Caused by a variety of conditions, immediate PPH—excessive bleeding directly following childbirth or within the first 24 hours—is the most common type, and 80% of immediate PPH is caused by uterine atony (failure of the uterus to contract properly after delivery). Factors that can contribute to PPH due to uterine atony are high parity, PPH in a previous delivery, a large fetus, multiple fetuses, or excessive amniotic fluid. Other causes include retained placenta, inverted or ruptured uterus, and cervical, vaginal, or perineal lacerations. However, the majority of cases occur in women without these factors who otherwise have normal pregnancies and labors. “Secondary” PPH, defined as hemorrhage after the first 24 hours but less than 6 weeks postpartum, can be produced by retained placental fragments and infection.
Evidence-Based Interventions to Prevent PPH
Evidence-based interventions suitable for low-resource settings are available that reduce the incidence of PPH and can be implemented by skilled providers or trained community health workers. These include the use of AMTSL by a skilled provider, or use of misoprostol by women who give birth without a skilled provider. Uterotonics (such as oxytocin and misoprostol) cause uterine contractions and have long been used to treat uterine atony and reduce the amount of blood lost following childbirth. Use of a uterotonic drug immediately after the delivery of the newborn is one of the most important interventions to prevent PPH.

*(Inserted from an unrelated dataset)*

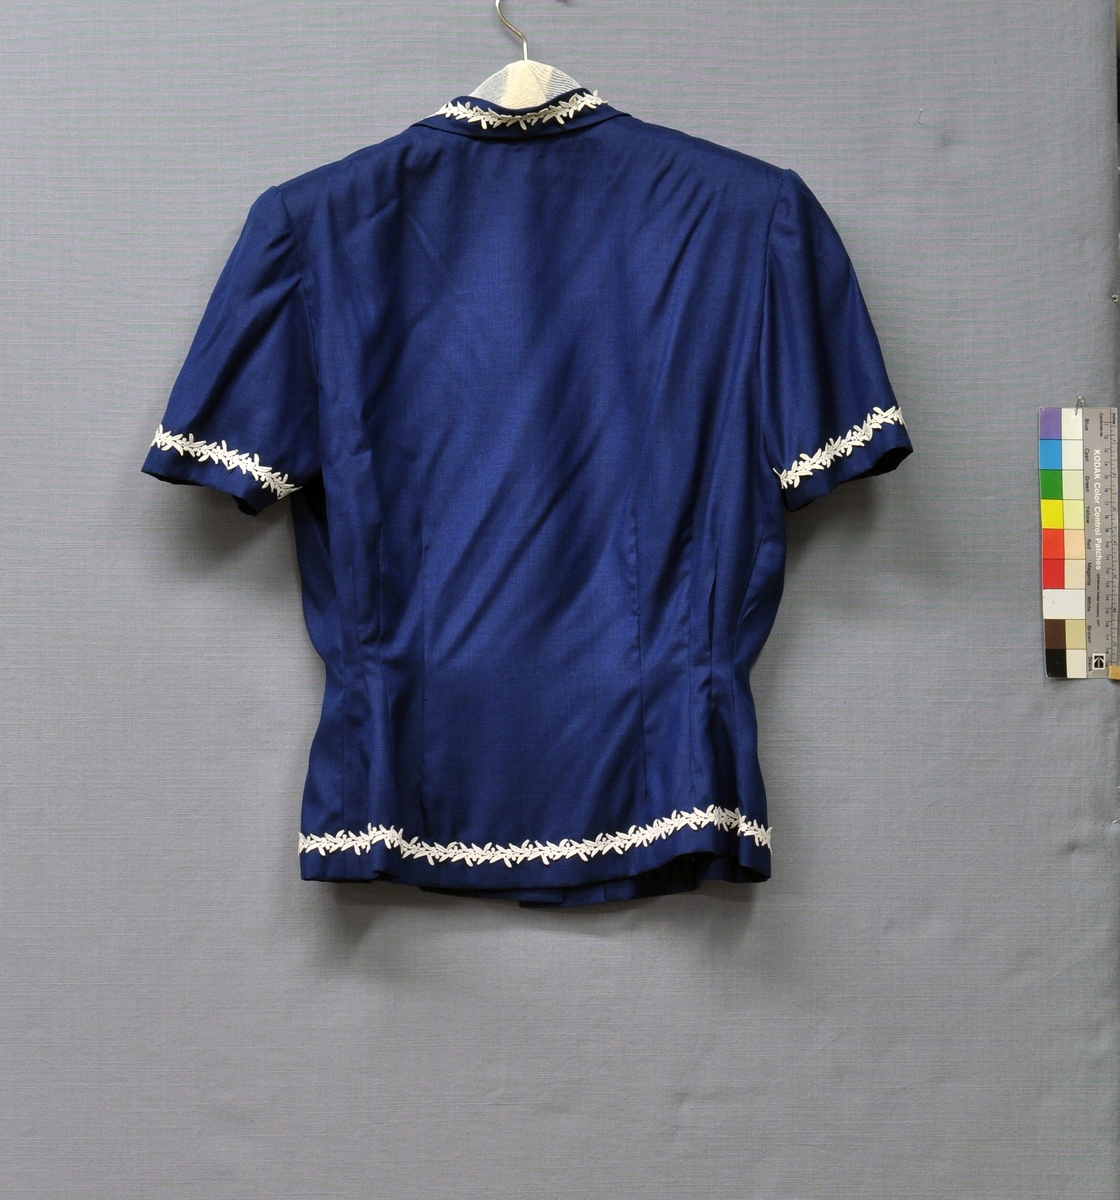 Mörkblå dräkt bestående av kortärmad jacka (BM63831:1) och kjol (BM63831:2) i silke och viskos. Jackans framsida delad, knäppt med 3 vita pärlemorknappar. 2 bystinsnitt, 4 midjeinsnitt. Baksidan helskuren med 6 midjeinsnitt. Schalkrage med snibbar. Kort ärm. Axelvaddar. Kragen, ärmarna och nederkanten garnerade med vit maskingjord blombård av bomull. 
Kjolen av 4 våder, rynkad. 25 mm bred linning knäppt med 2 hakar. Kjolens nederkant med samma blombård som på jackan. Blixtlås i vänster sida. Storlek 42.

AMTSL has been shown to decrease the incidence of PPH by up to 66%. The procedure involves three basic steps: injection of a uterotonic agent (preferably oxytocin) within one minute following the delivery of the baby; delivery of the placenta with controlled cord traction and counter-traction to the uterus; and massage of the uterus after delivery of the placenta, with palpation of the uterus to assess the need for continued massage for the two hour period following delivery of the placenta.
Recent WHO recommendations approve administration of misoprostol by a health worker trained in its use for PPH prevention in the absence of a skilled provider who can perform AMTSL. Misoprostol tablets are ideally suited for PPH treatment at home births and in resource-poor settings due to their ease of use, effectiveness and safety.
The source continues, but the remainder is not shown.